- Goal of the exercise
Copy, word for word, the lines of the listing below from the line with "Nike Men's Liteforce" up to and including the line with "Stanley Minnow™ 5". Drop the pictures.

- Record extracts
○ ○ ○
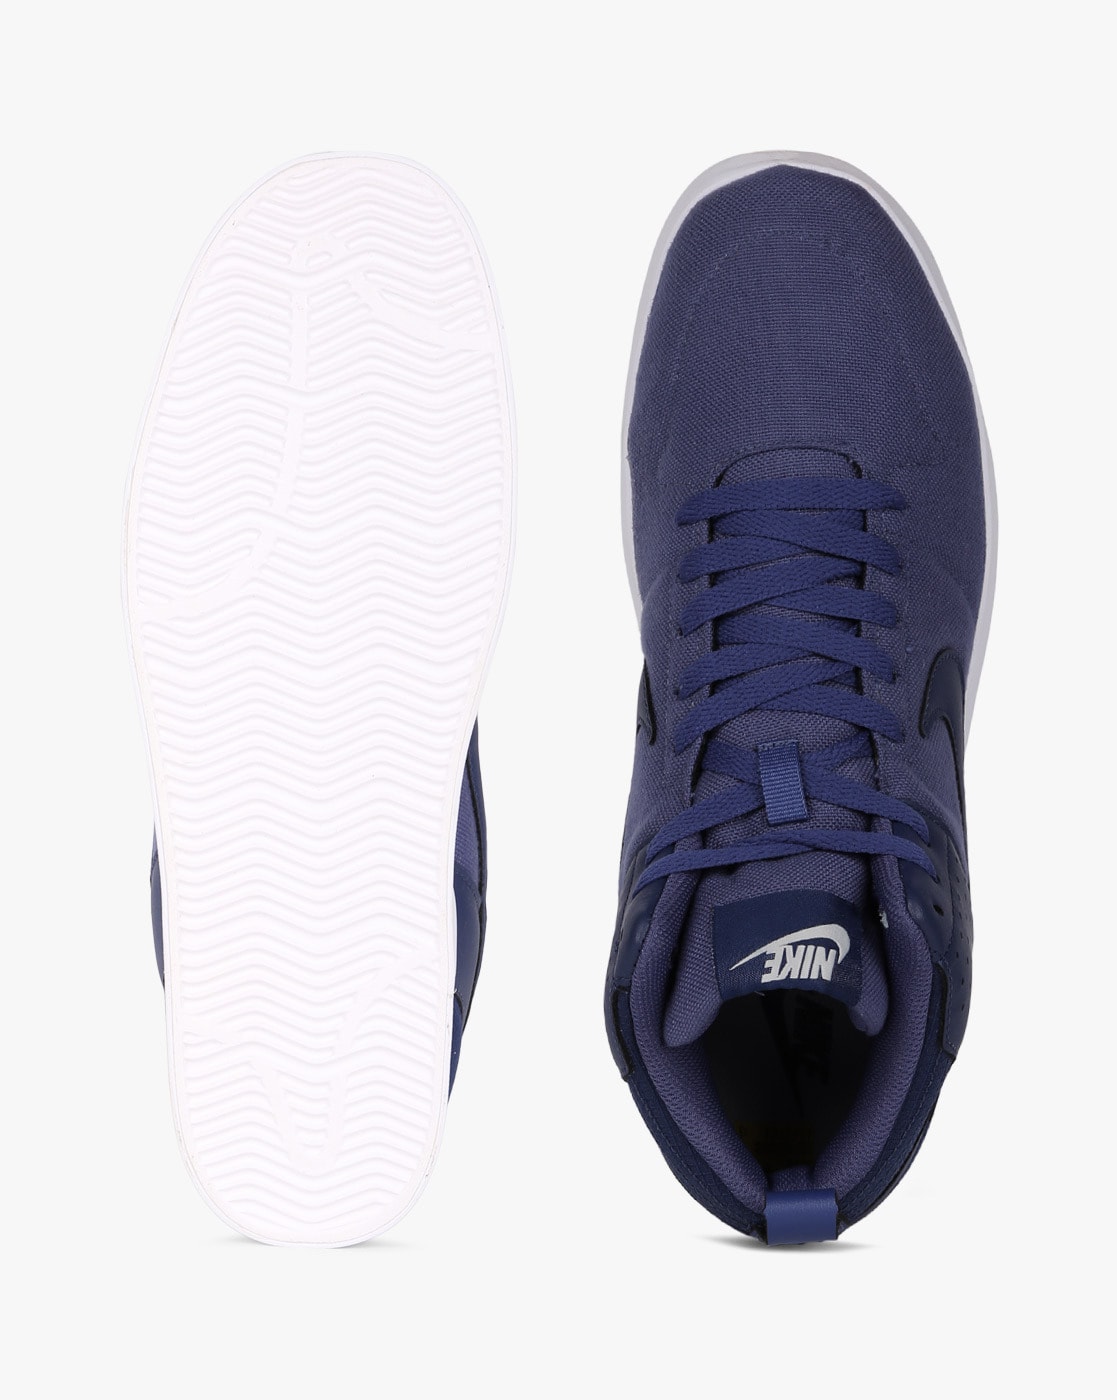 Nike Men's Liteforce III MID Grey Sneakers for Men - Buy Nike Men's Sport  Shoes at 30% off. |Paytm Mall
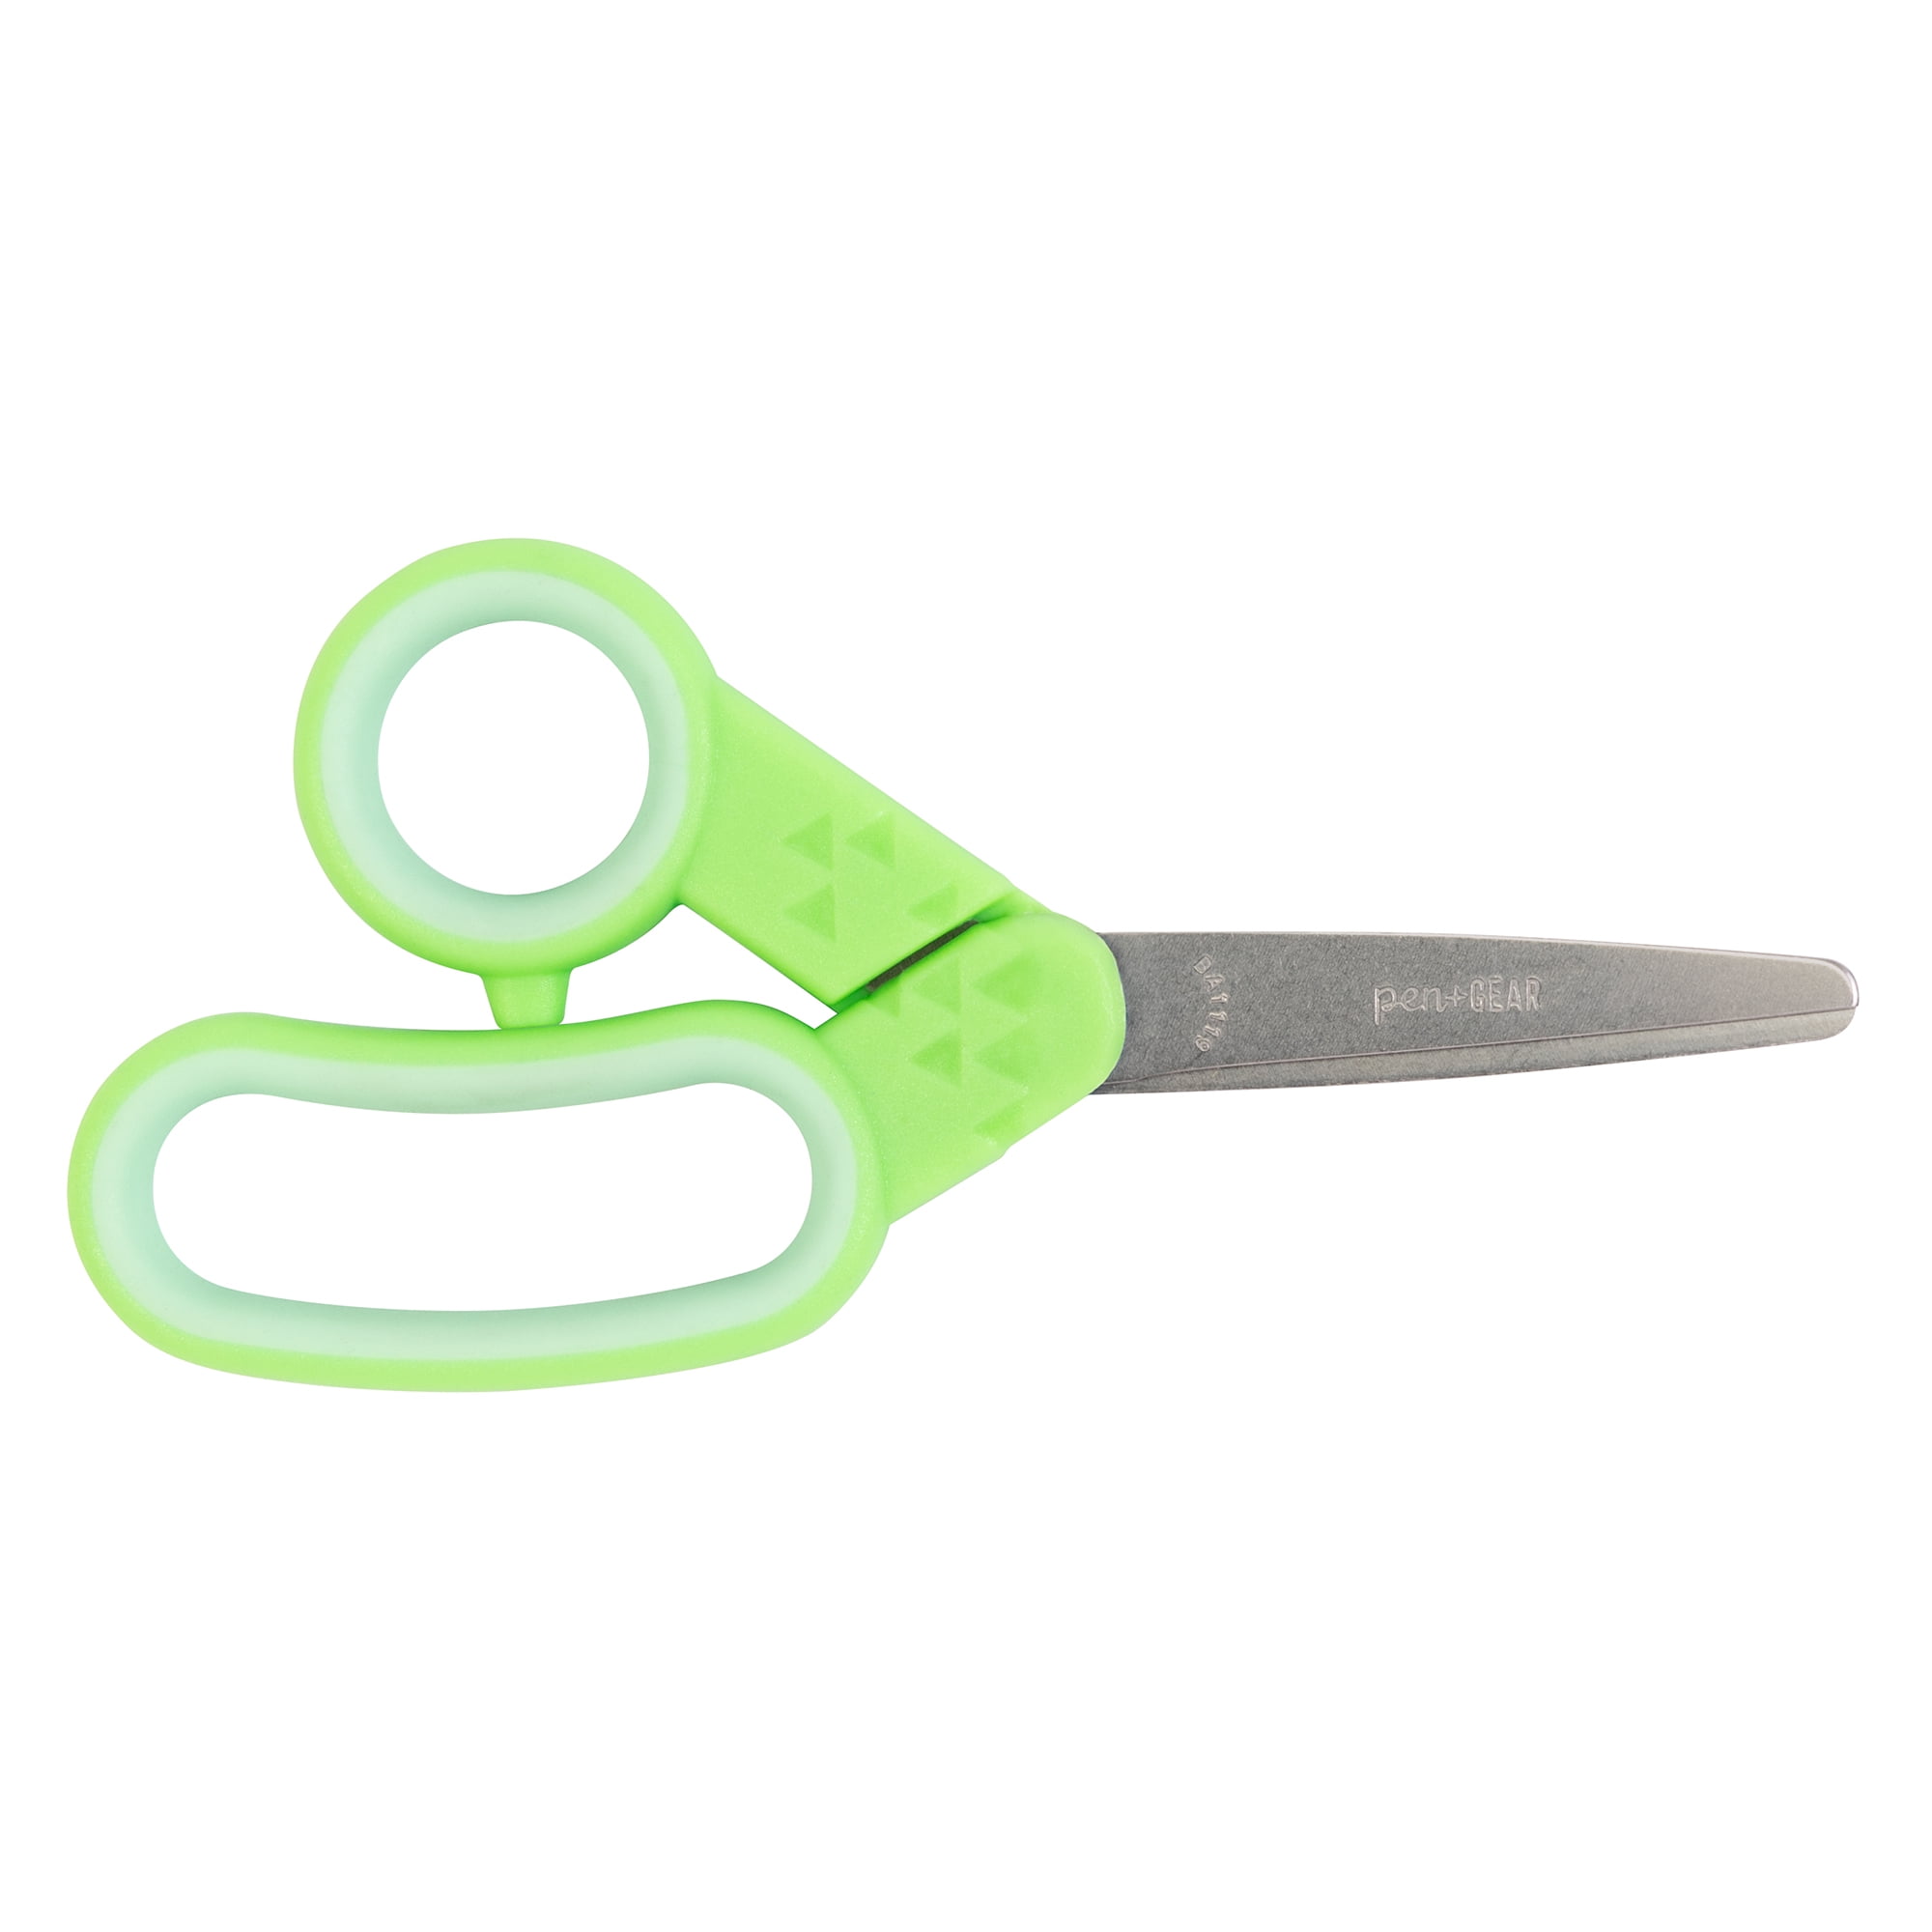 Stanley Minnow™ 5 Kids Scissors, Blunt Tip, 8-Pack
○ ○ ○
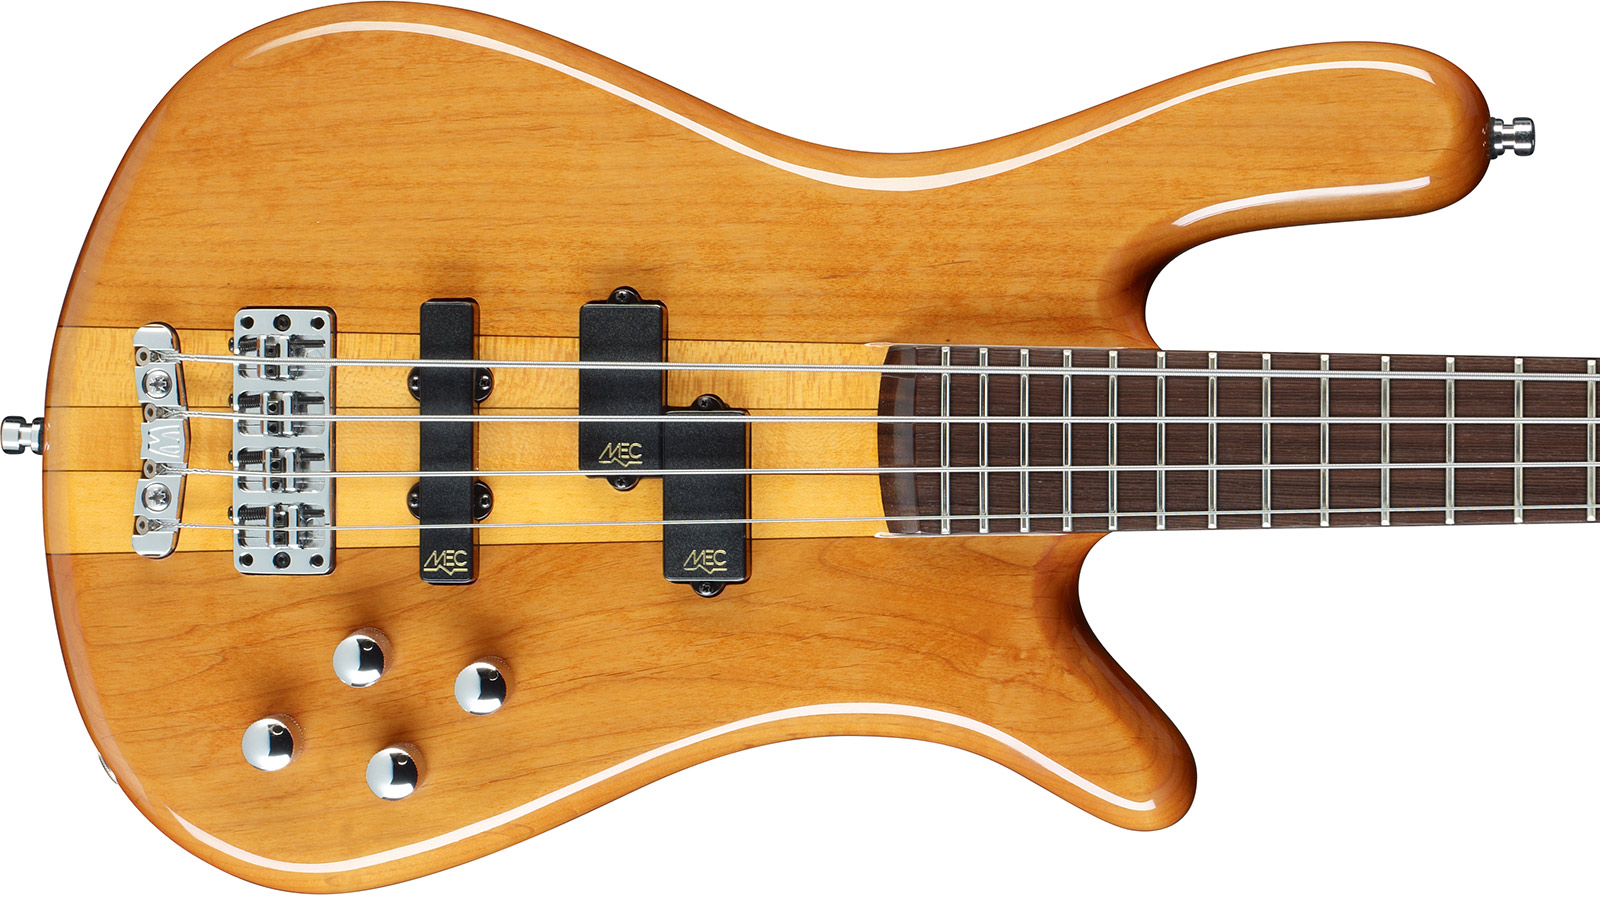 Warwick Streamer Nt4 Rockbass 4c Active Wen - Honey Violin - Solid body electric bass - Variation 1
○ ○ ○
- Final answer
 Nike Men's Liteforce III MID Grey Sneakers for Men - Buy Nike Men's Sport  Shoes at 30% off. |Paytm Mall
 Stanley Minnow™ 5 Kids Scissors, Blunt Tip, 8-Pack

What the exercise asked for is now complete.